36C’era anche una profetessa, Anna, figlia di Fanuele, della tribù di Aser. Era molto avanzata in età, aveva vissuto con il marito sette anni dopo il suo matrimonio, 37era poi rimasta vedova e ora aveva ottantaquattro anni. Non si allontanava mai dal tempio, servendo Dio notte e giorno con digiuni e preghiere. 38Sopraggiunta in quel momento, si mise anche lei a lodare Dio e parlava del bambino a quanti aspettavano la redenzione di Gerusalemme.

39Quando ebbero adempiuto ogni cosa secondo la legge del Signore, fecero ritorno in Galilea, alla loro città di Nàzaret. 40Il bambino cresceva e si fortificava, pieno di sapienza, e la grazia di Dio era su di lui.

C'è qualcosa che colpisce subito l'uditore attento del brano di vangelo della Liturgia di oggi, nella quale celebriamo la Santa Famiglia di Nazareth: per ben cinque volte, infatti, viene ripetuto che Giuseppe e Maria si trovavano a Gerusalemme per compiere con “ciò che era prescritto nella Legge”.

I genitori di Gesù vengono presentati da Luca come degli israeliti pienamente osservanti che portano il bambino al tempio quaranta giorni dopo la sua nascita, per essere “riscattato” come ogni primogenito pagando un'offerta di cinque sicli d'argento (era circa una mensilità lavorativa): di Giuseppe non si dice che l'abbia fatto (già questo ci dice che forse non riusciva a lavorare con regolarità), e allora si preoccupa almeno della purificazione della madre.

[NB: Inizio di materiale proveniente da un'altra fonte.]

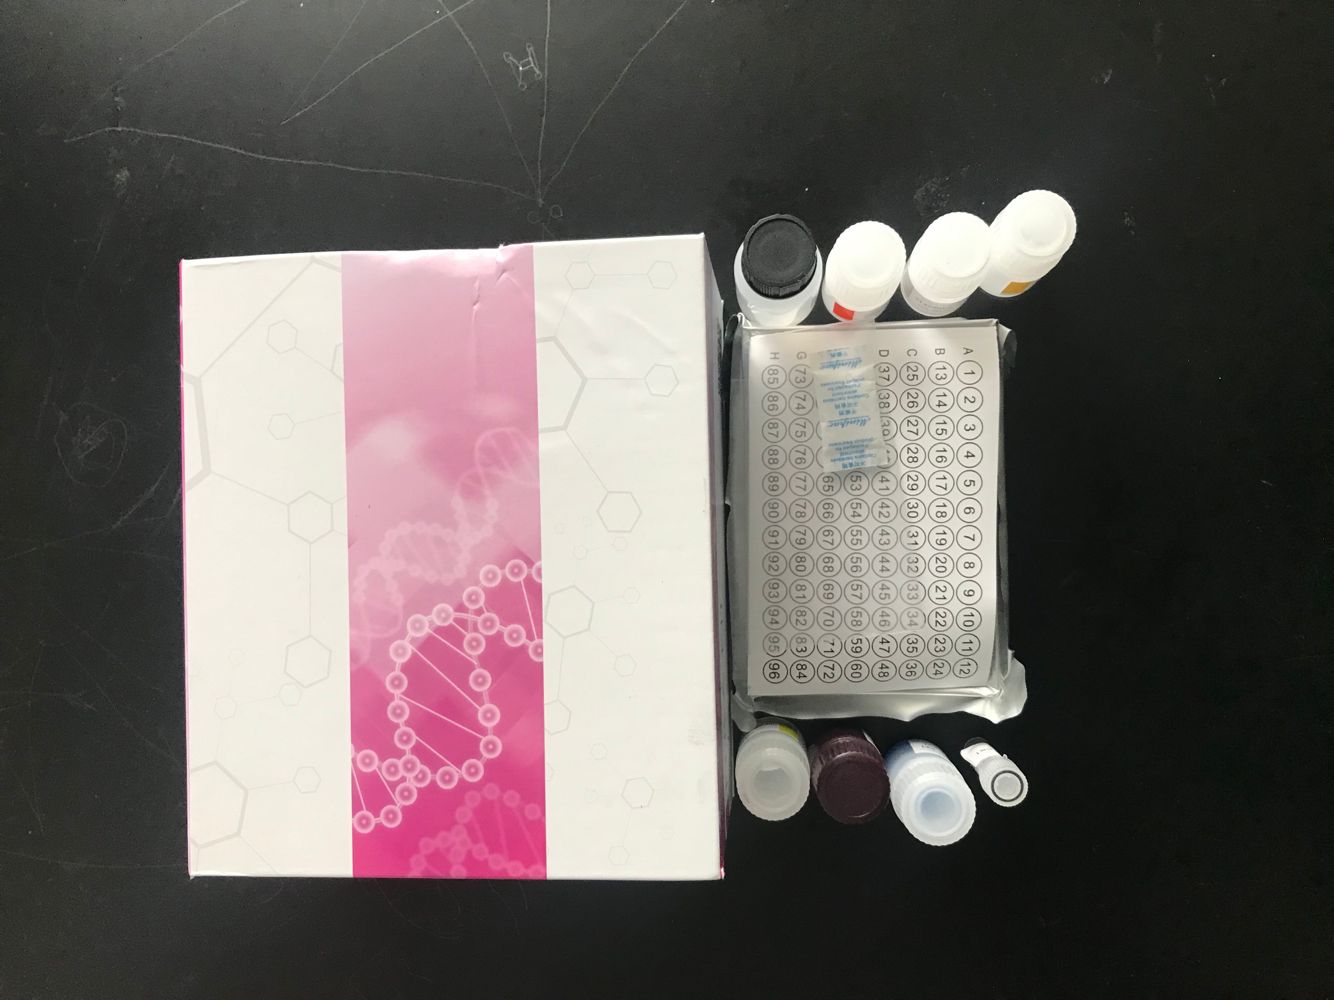 微囊藻毒素检测试剂盒进口试剂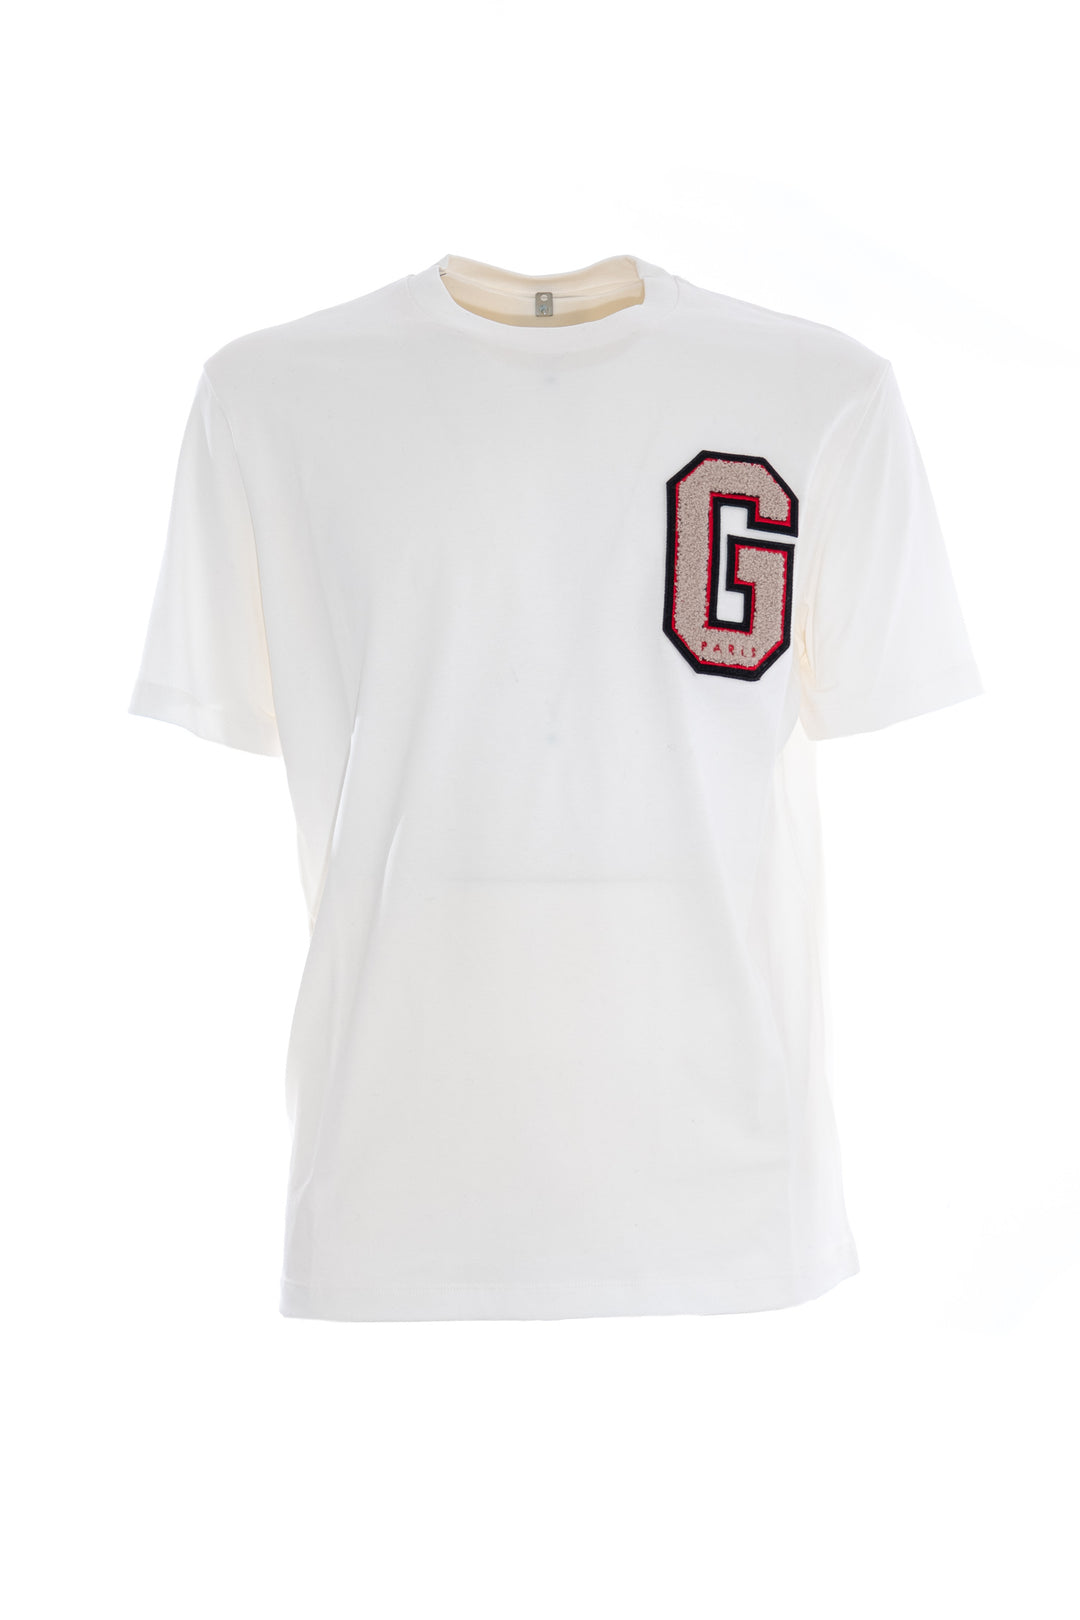 GAELLE T-shirt bianca in cotone con logo in punto spugna ricamato - Mancinelli 1954

Secondo la legge di Mosè presente nel libro del Levitico, la donna che aveva partorito un figlio veniva considerata impura e doveva stare confinata in casa per quaranta giorni: al termine di questo periodo doveva presentarsi al tempio per essere purificata offrendo un agnello in olocausto, ma se la famiglia era povera e non si poteva permettere l'agnello, poteva offrire due piccioni o due tortore. Questa pratica non era più diffusa tra i Giudei ai tempi di Gesù, e non era più necessario portare il bambino fino al tempio: il padre poteva pagare la propria offerta consegnandola a un sacerdote del villaggio. Giuseppe e Maria, invece, forse per il fatto di trovarsi a Betlemme, abbastanza vicina a Gerusalemme, vogliono rispettare la tradizione alla lettera.

Insieme a questo accenno alla stretta osservanza della tradizione da parte dei due coniugi di Nazareth, l'evangelista inserisce un altro elemento, che spesso nell'Antico Testamento aveva assunto un carattere antitetico a quello della Legge, vale a dire la Profezia. Due anziani profeti, Simeone e Anna, mossi dallo Spirito (come sempre, il vero motore della Profezia, nel mondo e nella Chiesa), senza alcun accenno a elementi legati alla legge e alla tradizione, prendono in braccio il bambino e lo proclamano “salvezza, luce, gloria, redenzione di Gerusalemme e dell'intero Israele”: senza, peraltro, esimersi dal ribadire ai suoi genitori, con tanto sano realismo, che ciò avverrà “con lacrime e sangue”, e quindi che non si facciano illusioni sui sogni di gloria legati a questo bambino.

Ora, pensando a questi “quadretti di famiglia” e cercando di attualizzarli un po', mi viene da pensare che spesso, nelle nostre famiglie, ci si barcamena tra questi due aspetti: da una parte, la fedeltà alla tradizione, alle leggi, alle norme e alle consuetudini ricevute dai nostri genitori, dai nostri avi e predecessori, e giunte fino a noi perché tramandate di padre in figlio, a volte attualizzate e rilette alla luce dell'oggi, altre volte mantenute in una integrità che rischia di non dire più nulla all'uomo contemporaneo; dall'altra parte, l'elemento “profetico”, ovvero quello della novità, del rinnovamento, dell'innovazione, del cambio di mentalità, della rivoluzione delle idee, spesso legato ai cambiamenti generazionali, anche se non sempre è così. Infatti, quello che vediamo narrato da Luca nel brano di Vangelo va un po' fuori dallo schema “giovani = innovazione e profezia”, “anziani = tradizione e immobilismo”.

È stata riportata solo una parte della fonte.